◆ **WHAT TO DO**: Any picture must be dropped, but each line of the data should be duplicated exactly.

◆ **THE DATA**:
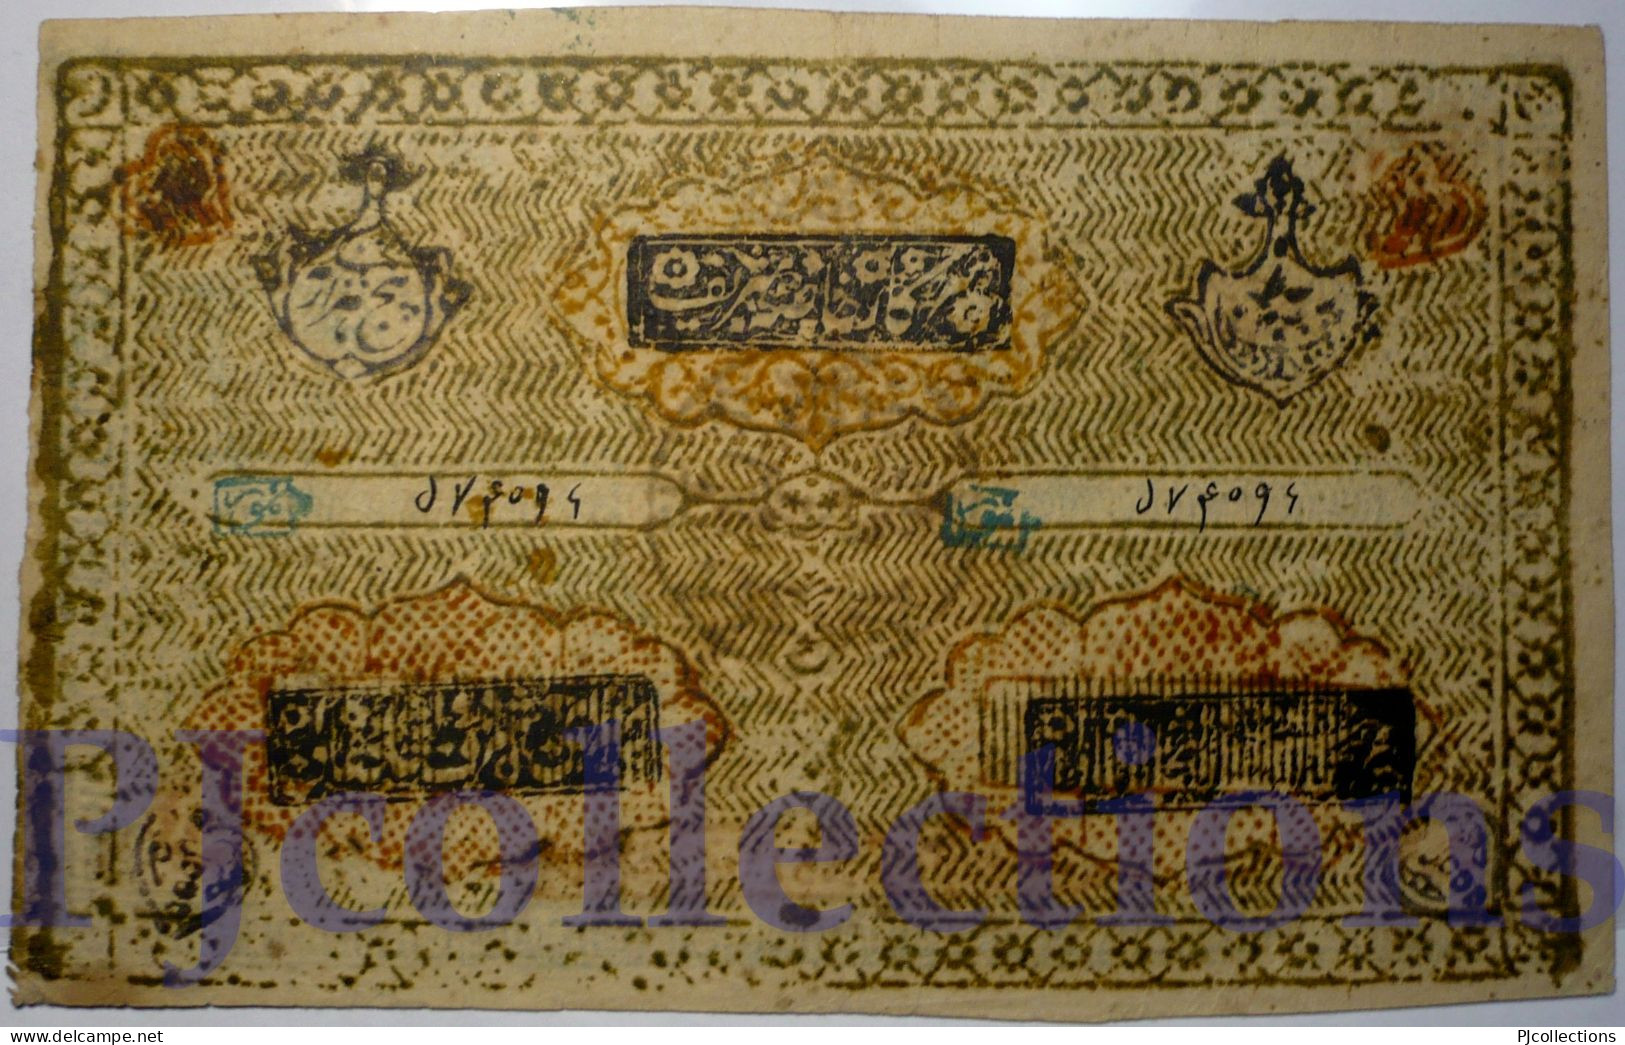 UZBEKISTAN 5000 TENGAS 1918 PICK 18b UNC - Ouzbékistan
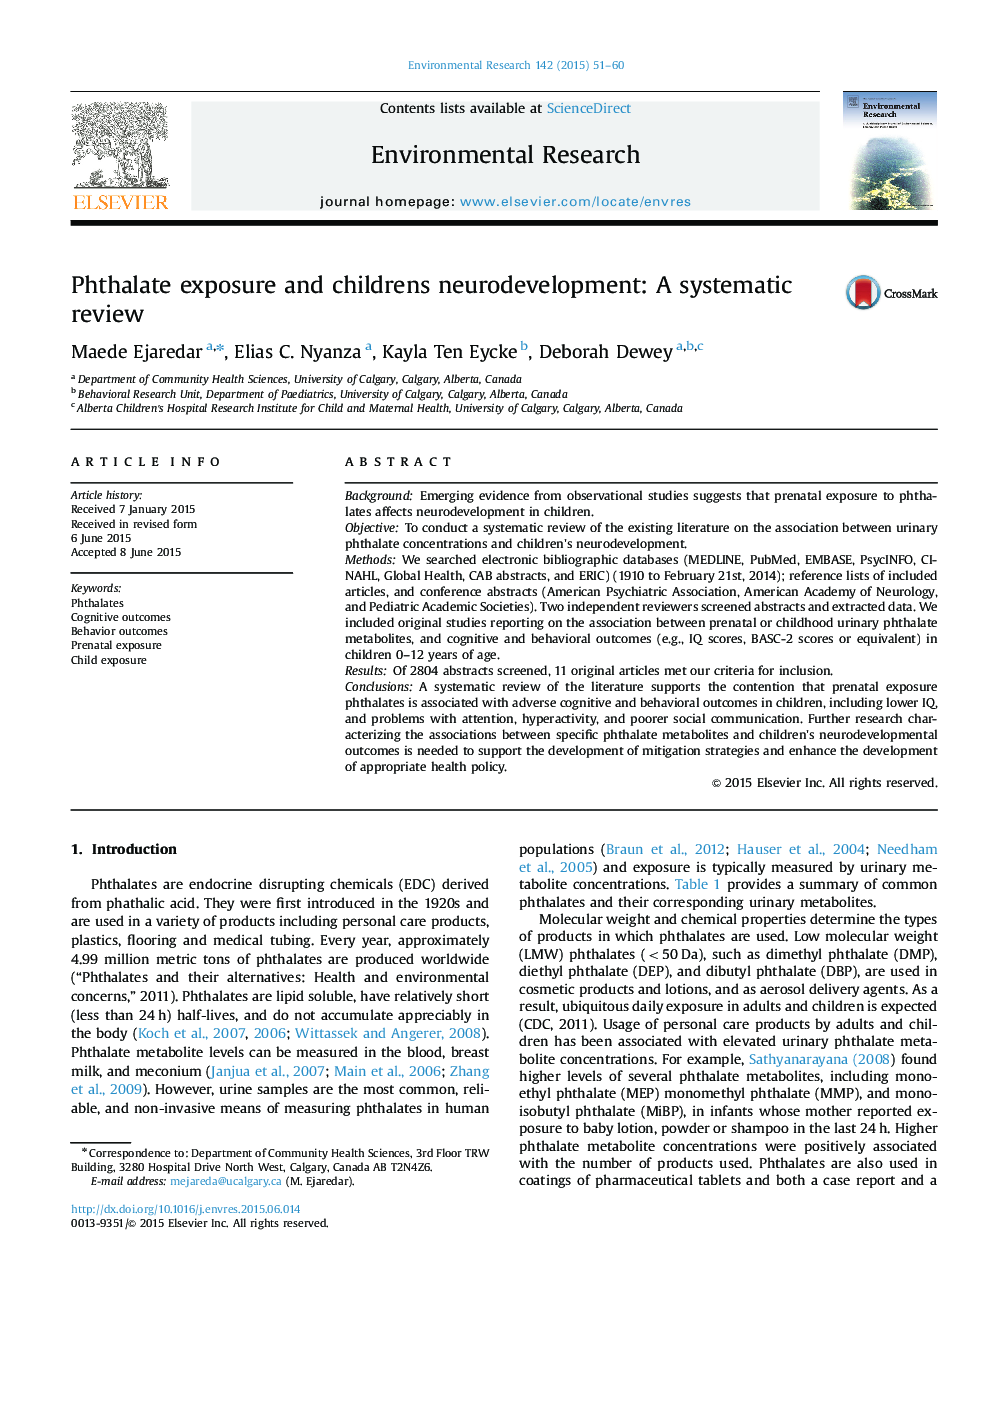 قرار گرفتن در معرض فتالات و رشد عصبی کودکان: بررسی سیستماتیک 
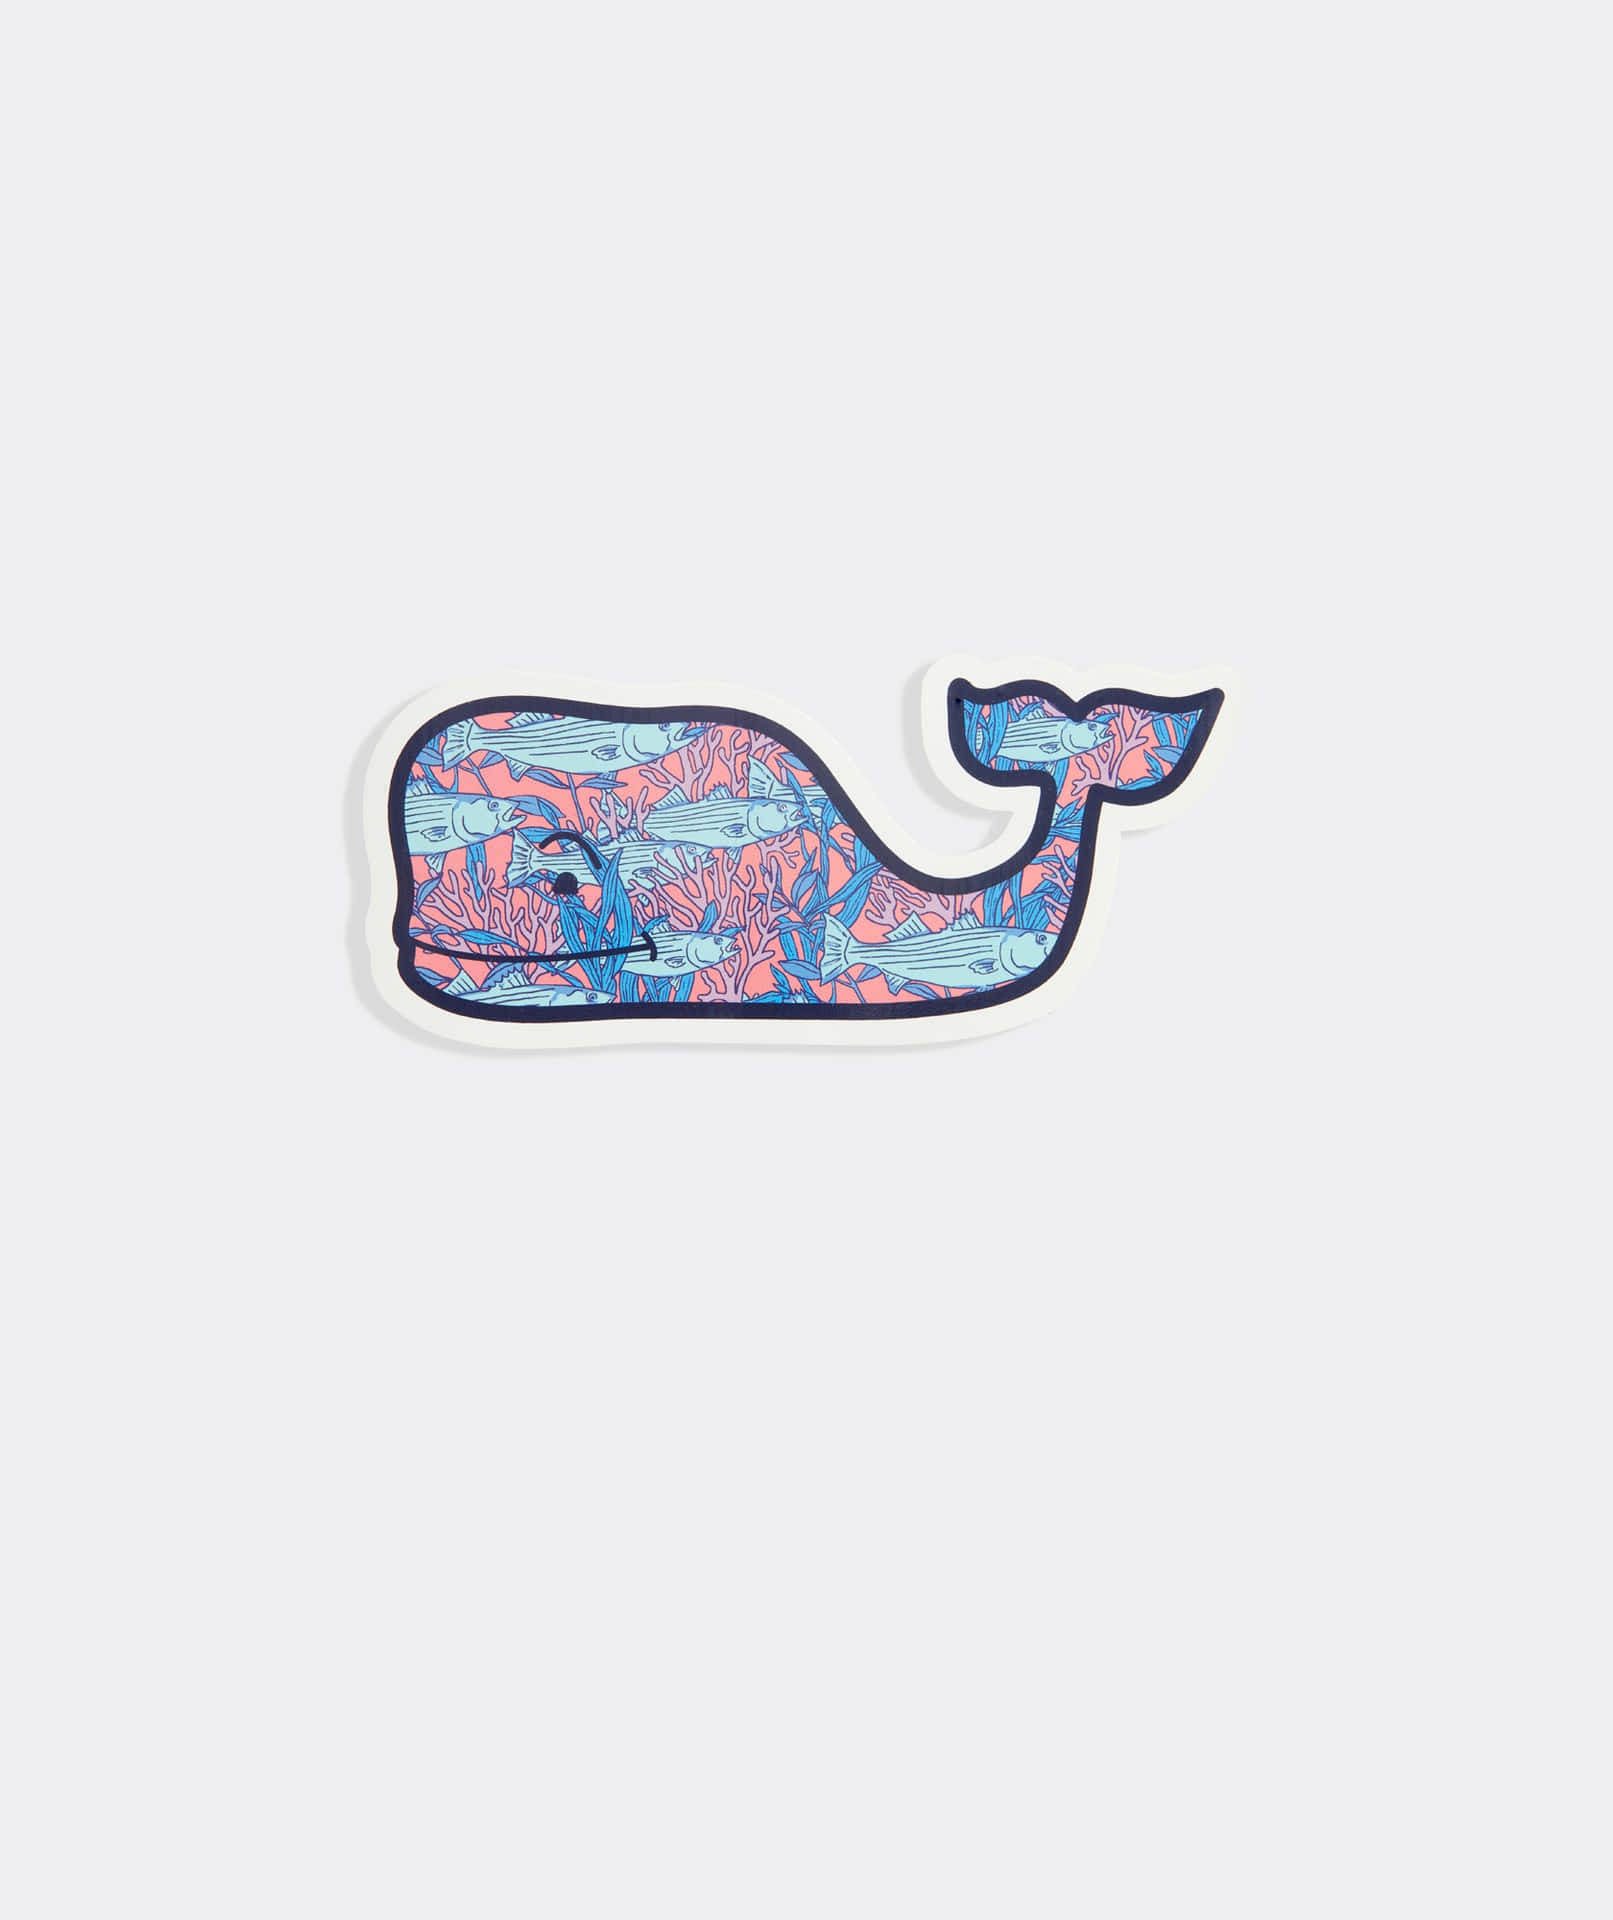 En hval mærkat med lyserøde og blå designs Wallpaper
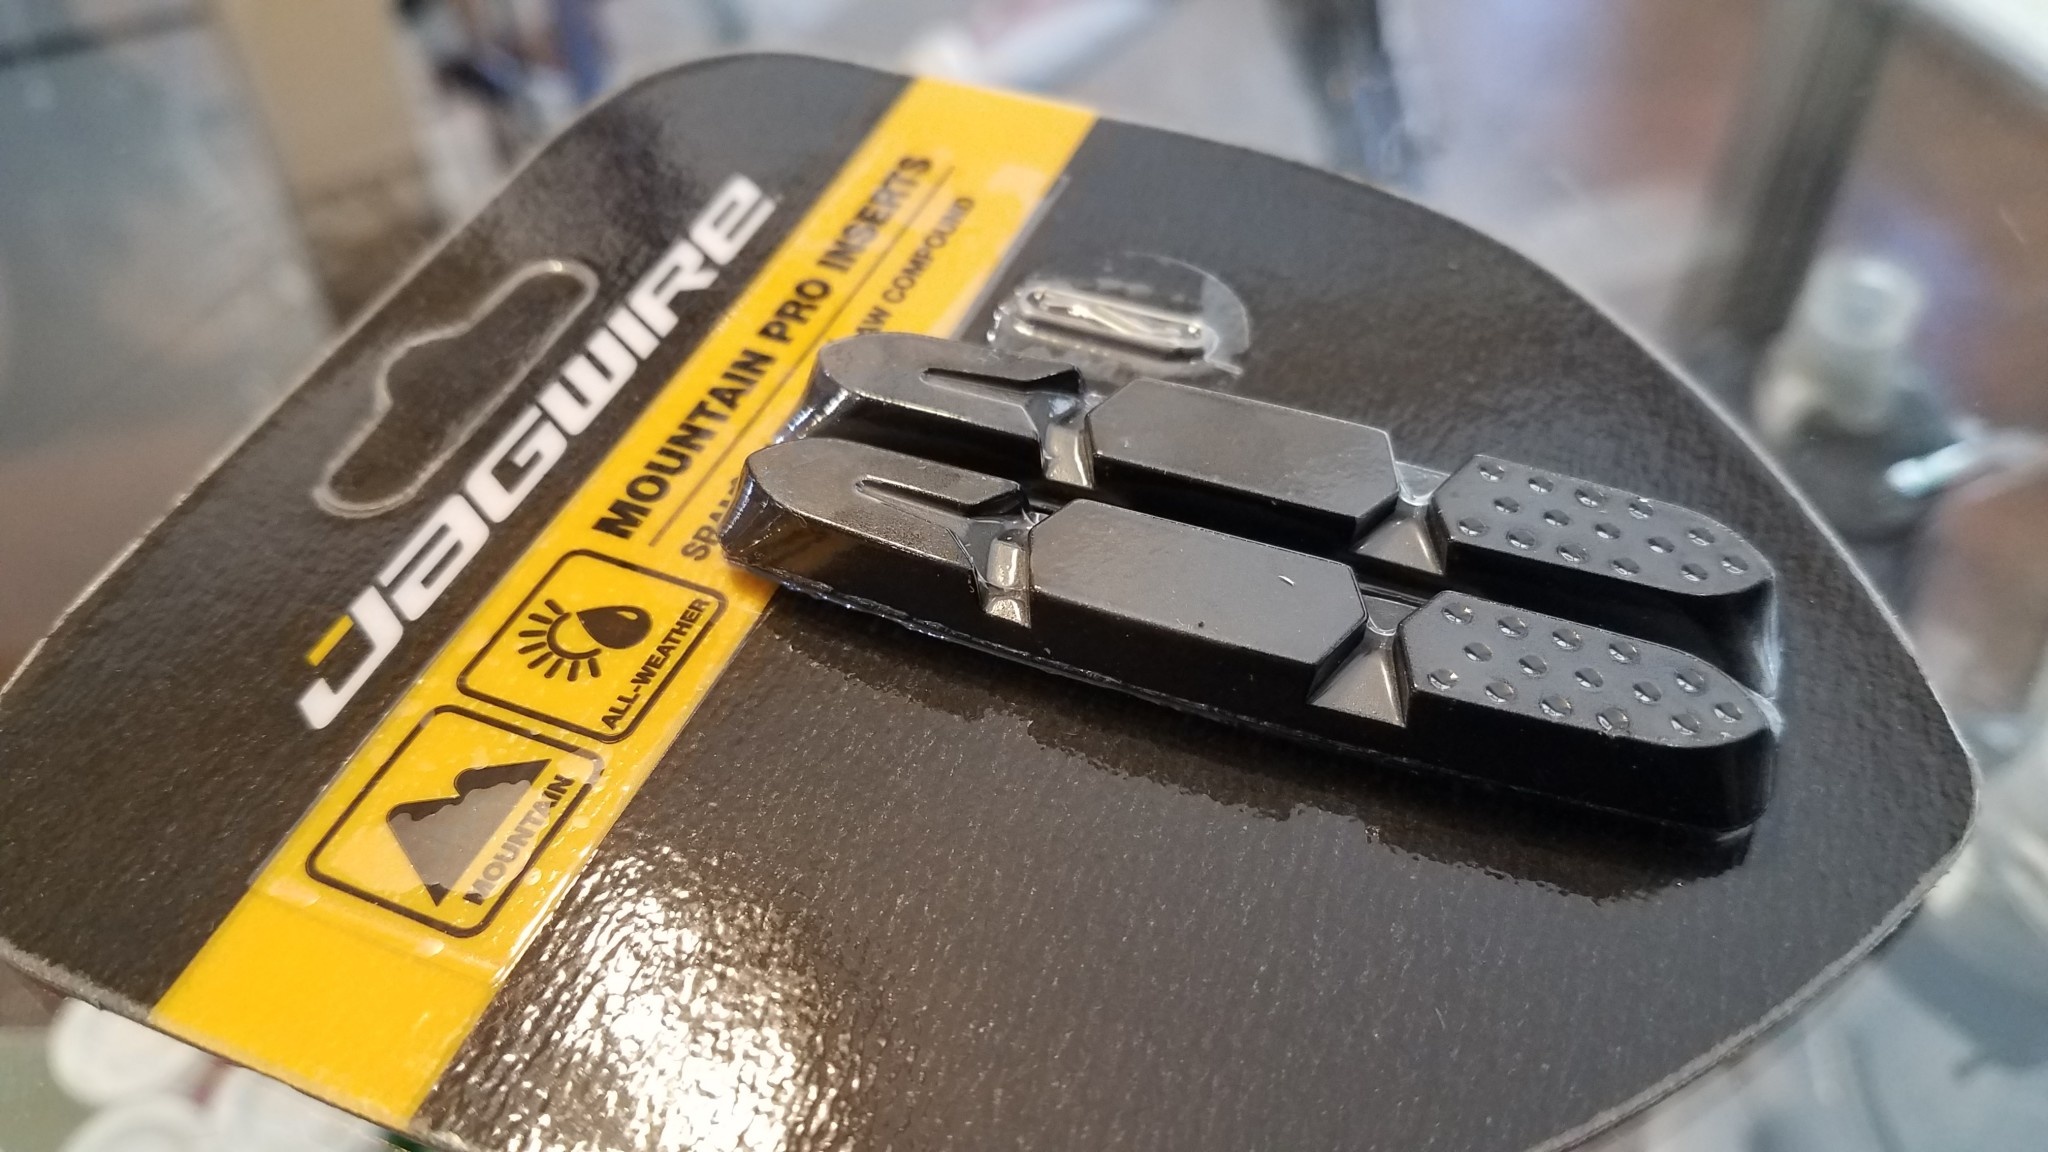 Jagwire Jagwire Mountain Pro Brake Pad Replacement Inserts, Black

◆ **RESULT**:
 UZBEKISTAN 5000 TENGAS 1918 PICK 18b UNC - Ouzbékistan
 قرار گرفتن در معرض فتالات و رشد عصبی کودکان: بررسی سیستماتیک 
 En hval mærkat med lyserøde og blå designs Wallpaper
 Jagwire Jagwire Mountain Pro Brake Pad Replacement Inserts, Black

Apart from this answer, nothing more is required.